The result may be that Etaler does not remember as many old contexts. Thus, when it encounters point errors as PyTorch is adjusting its model, it requires fewer inputs to disambiguate compared to NuPIC. Perhaps as a result, it may be able to begin learning the new pattern that much sooner.

3 Likes

Did you consider the possibility that the classical NN is simply defeating itself, as if trying to predict against a RNG ?
I’m far from understanding the specificity of etaler, and can’t beat Paul at such analysis, but (intuitively at least), to me nothing in vanillla HTM would seem to be a good fit for such a game.

Now, I’d bet any RNN, to the contrary, could become quite good against basic human psy.
As a side note, I’d have put both sides plays into the input stream

That will be the Nash equilibrium of such a game.

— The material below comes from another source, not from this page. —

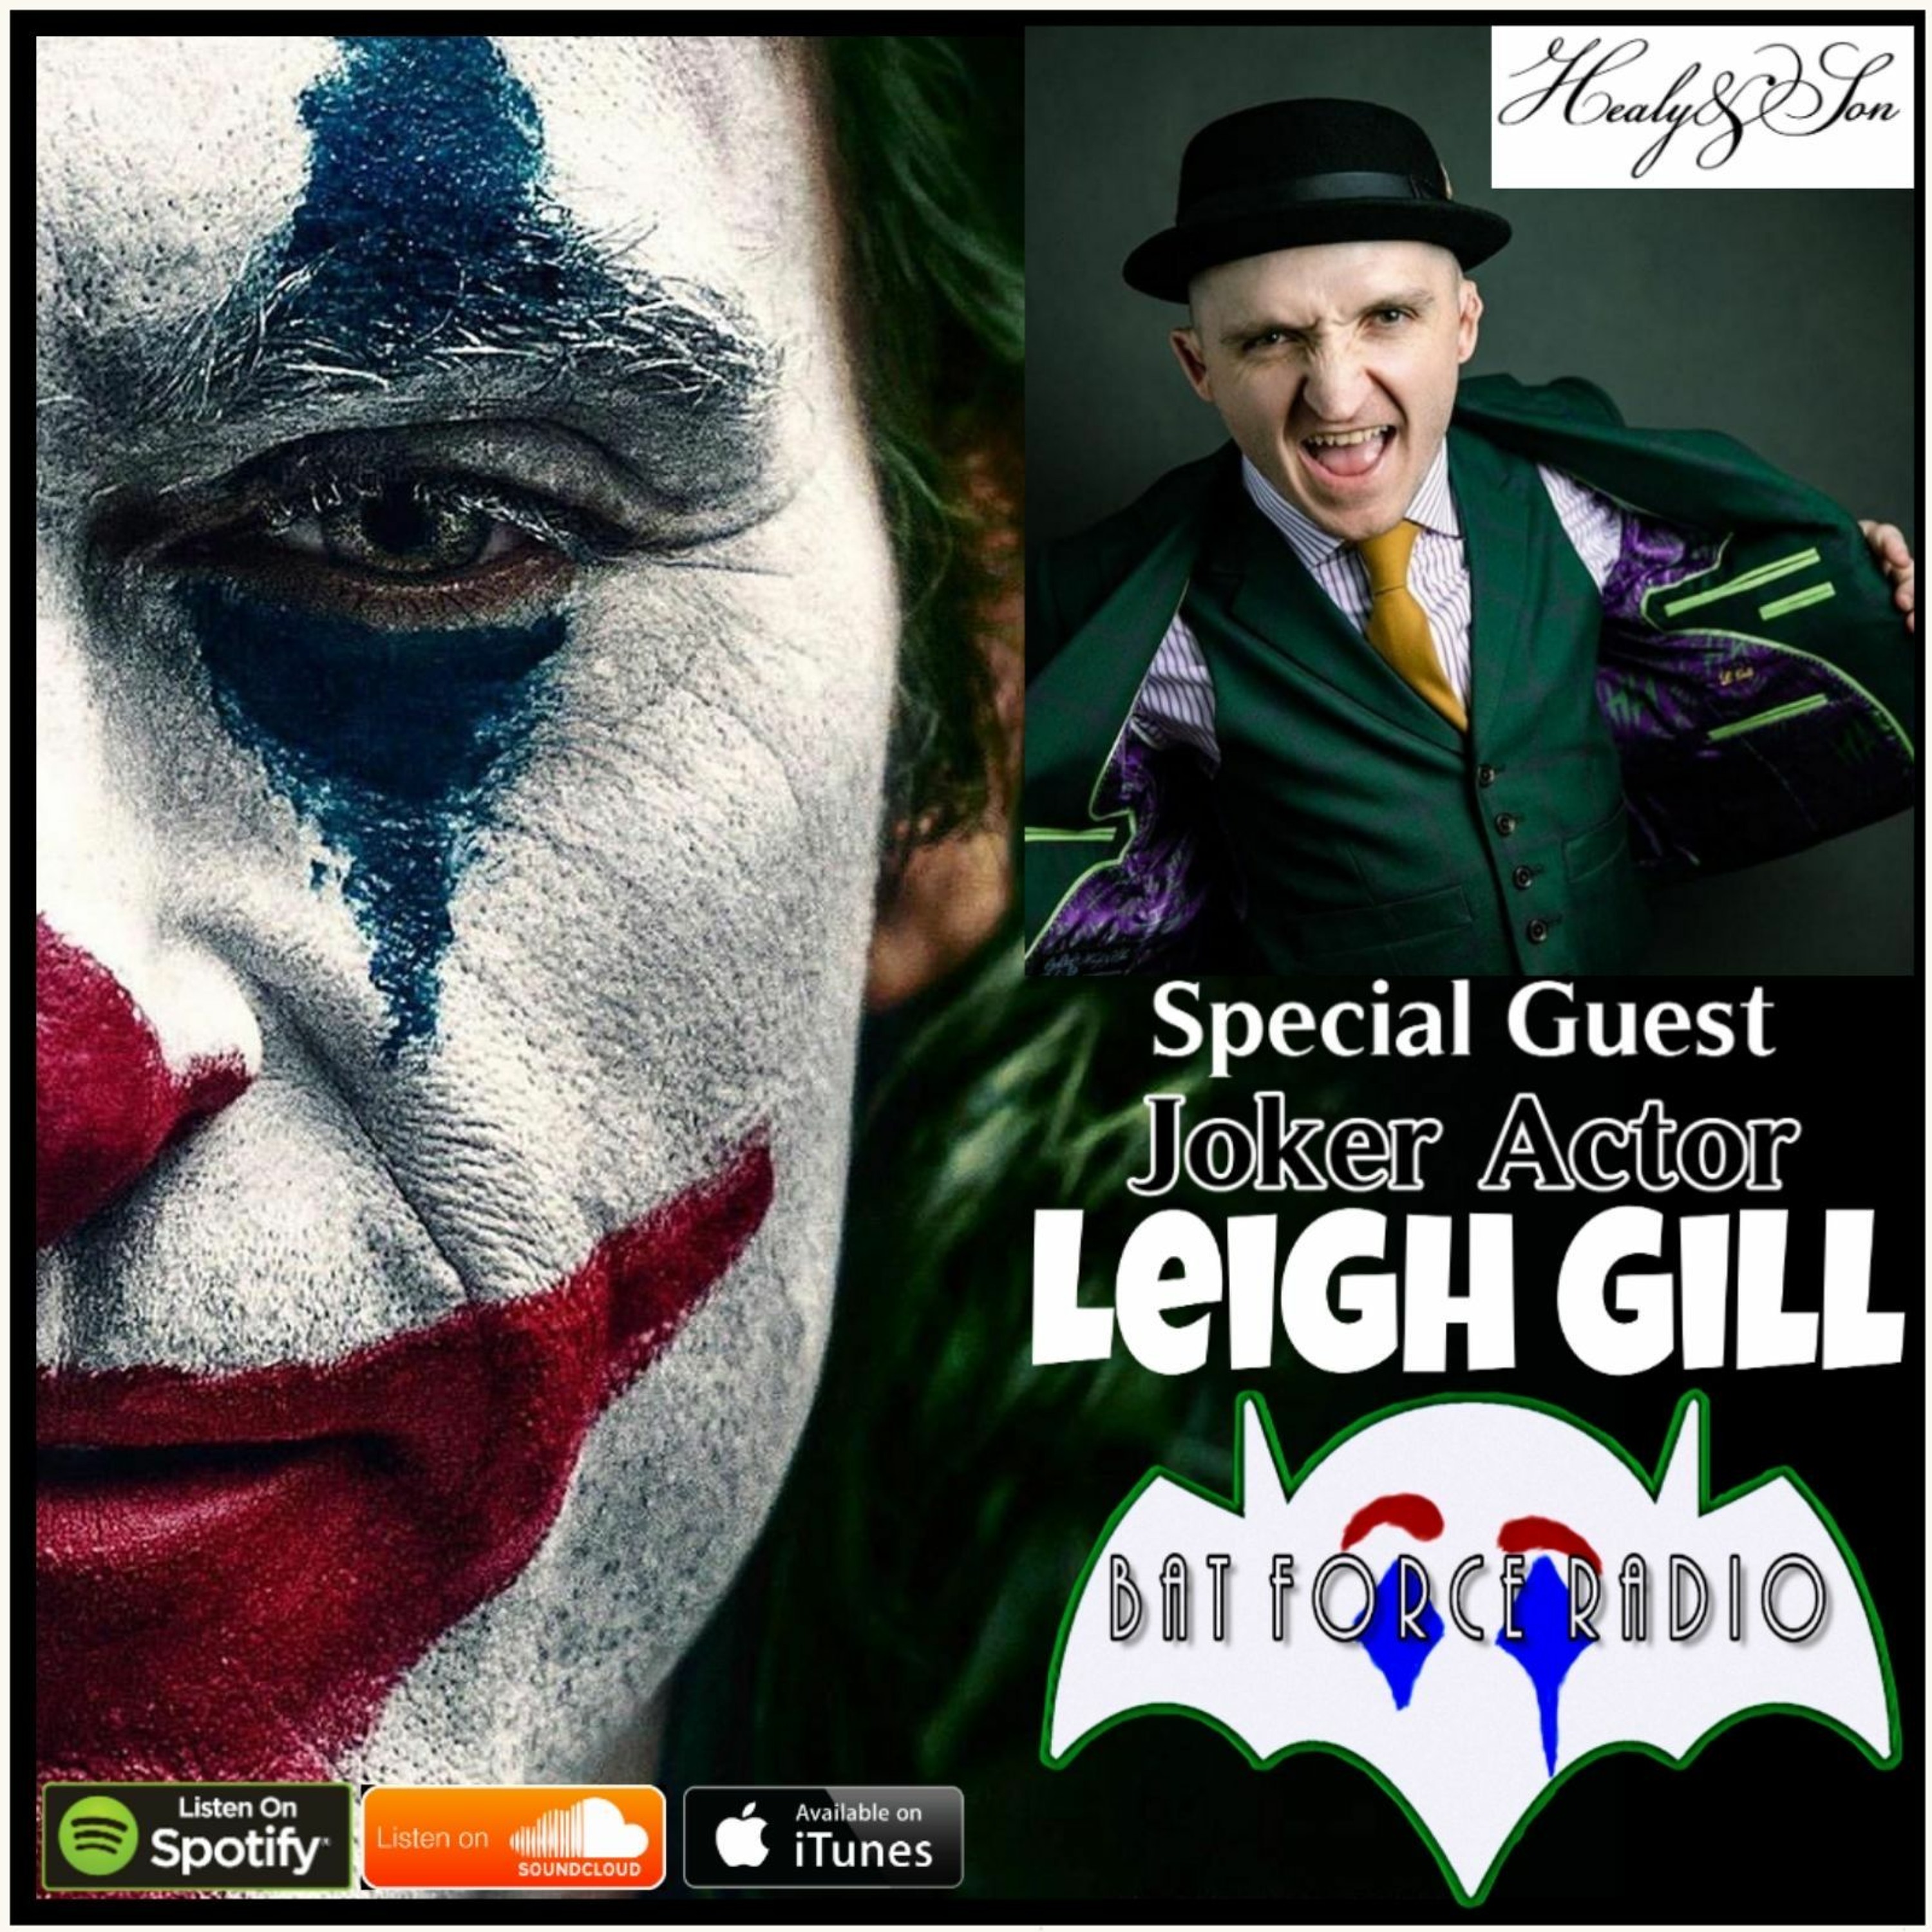 BatForceRadioEp209: Joker Movie Actor Leigh Gill and Healy & Son Tailoring!

If both NN and HTM are sufficiently powerful, they should both end up being an RNG and no one can predict the opponent’s next move any better than guessing.

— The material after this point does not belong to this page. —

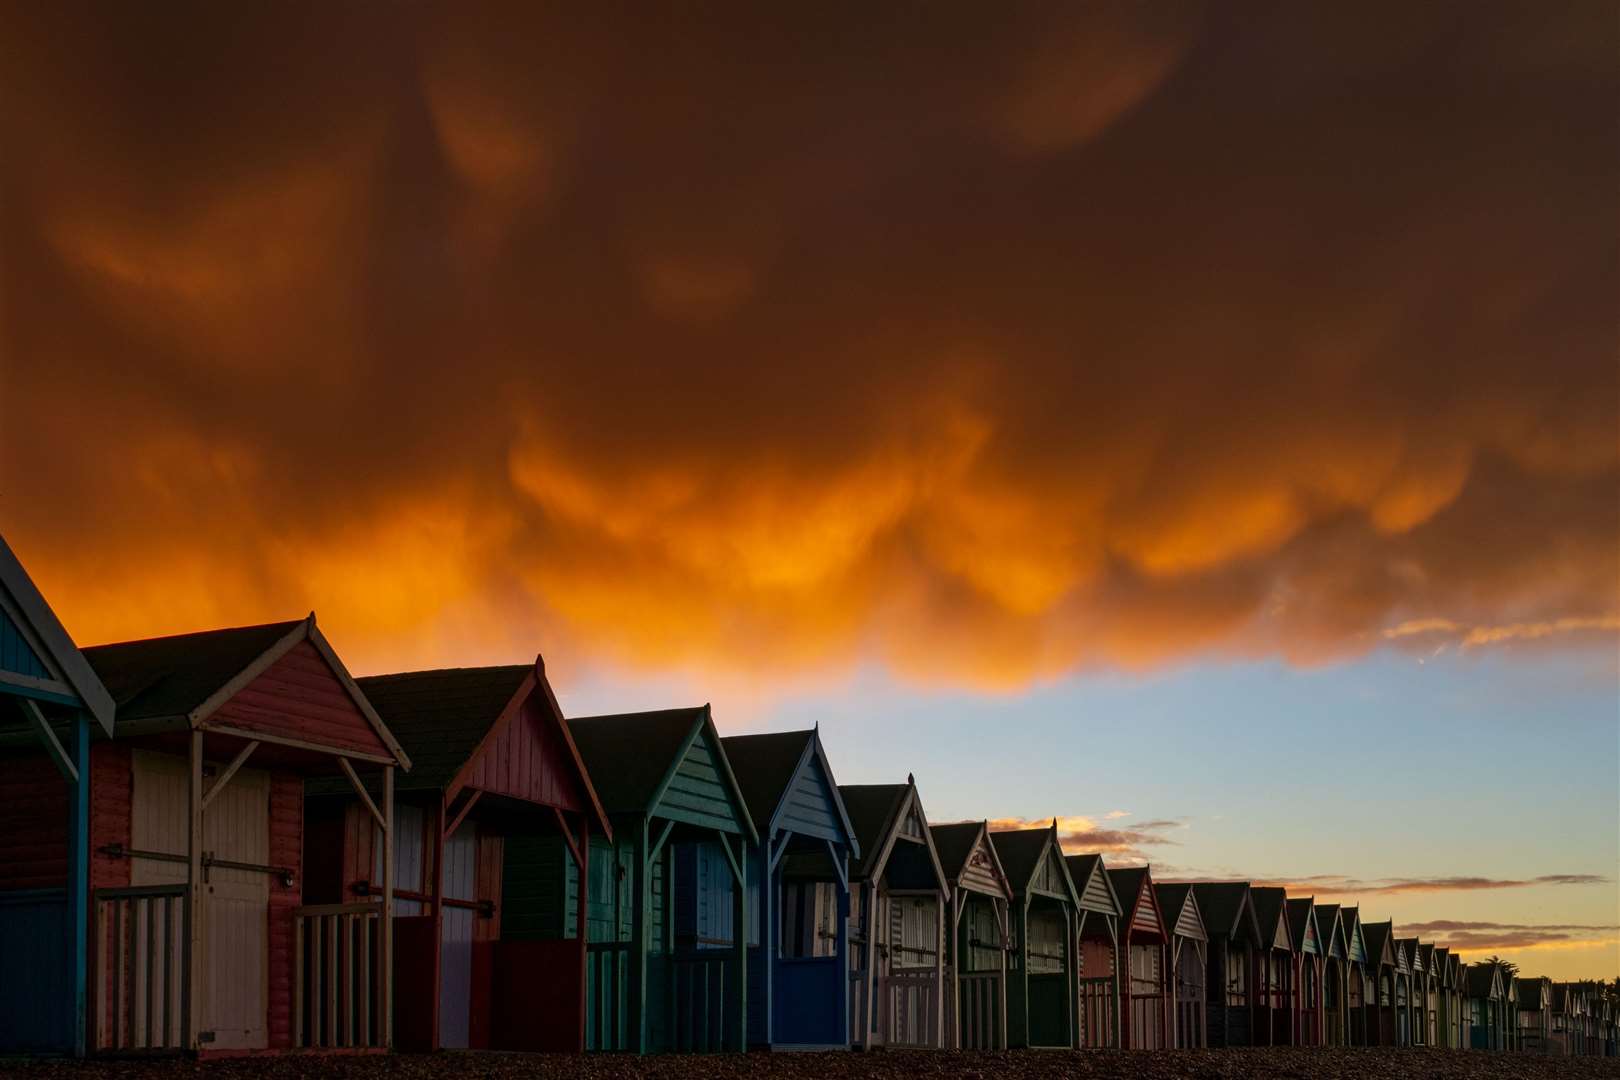 James McBean's winning photo of thunder clouds gathered over beach huts in Herne Bay

To me, HTM seems ideally fitted for this type of scenario. HTM is playing the game simply by recognizing sequences of moves that it has seen before. This should give it at least some advantage over another agorithm which is slower at learning new sequences. The slower-learning algorithm has to see a pattern more frequently to learn it than HTM does, and so while it is going through those learning cycles, HTM will learn and correctly predict more of its moves than if it were a simple RNG. HTM doesn’t have to guess every move correctly, just more frequently than it would by random chance. Every time it is wrong about what sequence it is seeing, minicolumns burst and it then disambiguates to another matching sequence, or starts learning a new one.

3 Likes

Yes, I think this is pretty much the case for PyTorch vs Etaler. But more interesting is the fact that, while the RNN is “defeating itself”, the HTM system is doing spectacularly well at predicting the RNN’s moves (i.e. the RNN is more predictable than a RNG). HTM is clearly better suited for predicting how an RNN will model it, than an RNN is at predicting how HTM will model it.

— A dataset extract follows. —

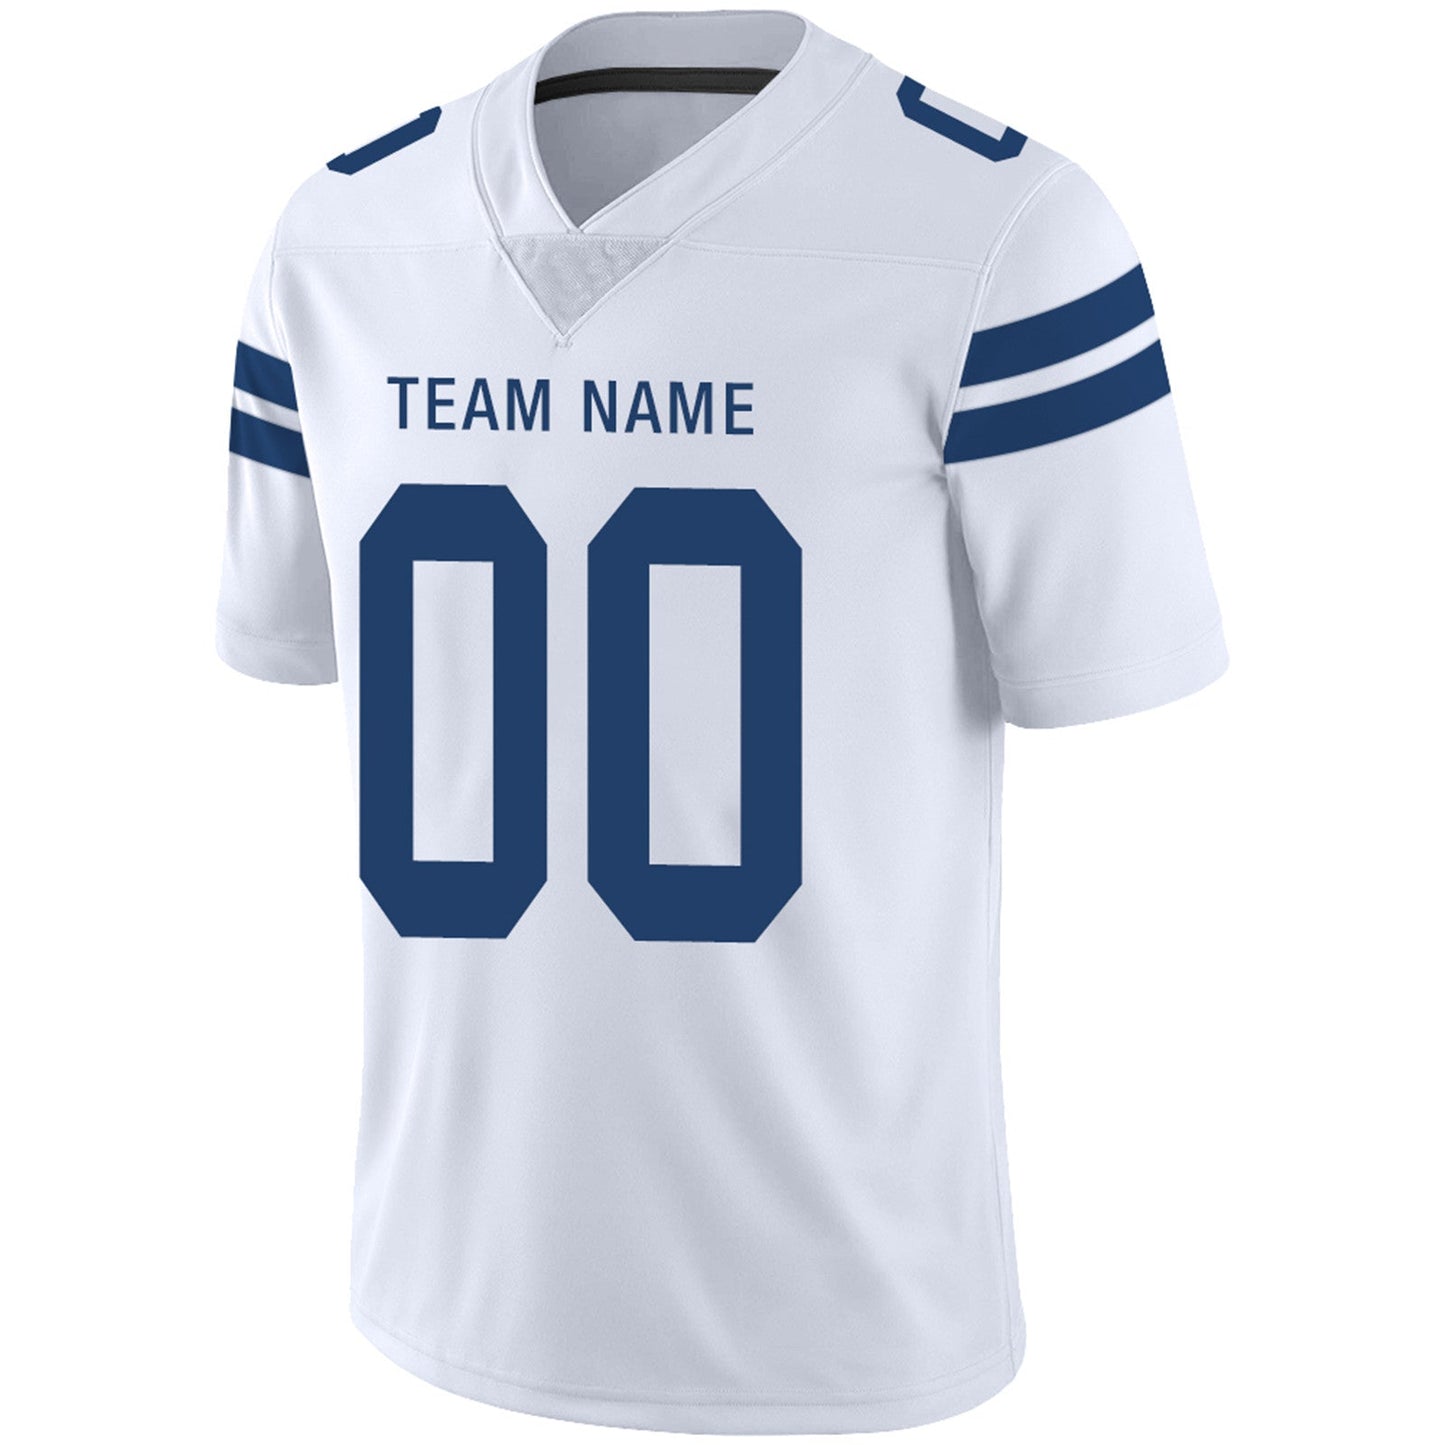 Custom IN.Colts Football Jerseys Team Player or Personalized Design Your Own Name for Men's Women's Youth Jerseys Royal

It is also important to note that these experiments do not indicate RNN is simply unable to play RPS. RNN vs RNN for example shows a clear drop in the draw rate:

One of the other experiments from the previous round (tiny-dnn VS NuPIC.core) I think also supports the idea that HTM is just learning and updating its model faster than the RNN can keep up with. As soon as HTM learning was turned off, the RNN had a chance to accurately model it. Prior to that, it was just too fast of a moving target.

3 Likes

Why would it try to win? What would be the motivation to pick one move over another. Picking a winning move is just as likely as picking a losing or draw move.
It there was a way to cull the losing sequences … well … this is not something that HTM can currently do.
I suppose you could feed it all possible winning and draw moves as a training set with learning on, then turn learning off.

1 Like

It isn’t trying to win. It is trying to predict what the other side is going to do. The “try to win” part is hard coded. Whatever it predicts the opponent will do next is fed into a simple bit of code that generates a counter move. The system is not modeling itself. It is modeling the opponent.

6 Likes

My bad, I was thinking about tic-tac-toe and lost the rock-paper-scissors thrust of the thread.

This thread assumes that there is some internal decision model to be learned if some strategy is being employed and that this is exhibited as a recogonizable sequence. Learning to pick random numbers would be as effective a choice as any strategy and would be very hard for HTM to predict.

3 Likes

True, adding in an RL algorithm to model state/action/result would be able to intentionally increase the draw rate whenever it could no longer predict the HTM moves.

1 Like

Holy. Paul you are really good at writing. It’s a joy reading your posts. :smiling_face_with_three_hearts:

Ohh… I didn’t know that. I should read the white paper and BAMI more closely.

For anyone doesn’t know, this is how Etaler solves the repeating input problem.

4 Likes

Oops, sorry that was a bad typo (I’ll fix it). This should have been “max new synapse count”, not “activation threshold”. Etaler skips this because it doesn’t distinguish “max new synapse count” from “max synapses per segment” (it has instead a “max synapses per cell”)

1 Like

@marty1885 I am very interested in comparing the multiple timestep prediction performance of HTM vs tiny_dnn LSTM for a simple sinus wave data or any combination of sinus waves at different frequences.
Do you have any experiments like that?

2 Likes

No, but I could make one. :smiley: Any details that you can share? (Maybe in a different/new topic?)

Tho I’ll predict HTM will outperform tiny-dnn. Neural networks are not good at continuous learning; they tend to forget stuff doing so.

1 Like

@marty1885 if you give me your email we can discuss and share what you need. In my experiments with HTM.core for very simple sinus wave prediction I found:

  1. By a chain TM->TM->TM…, se can only predict max 3 step into the future.
  2. Current SDRClassifier does not works well for prediction. I am working on improvements now.
1 Like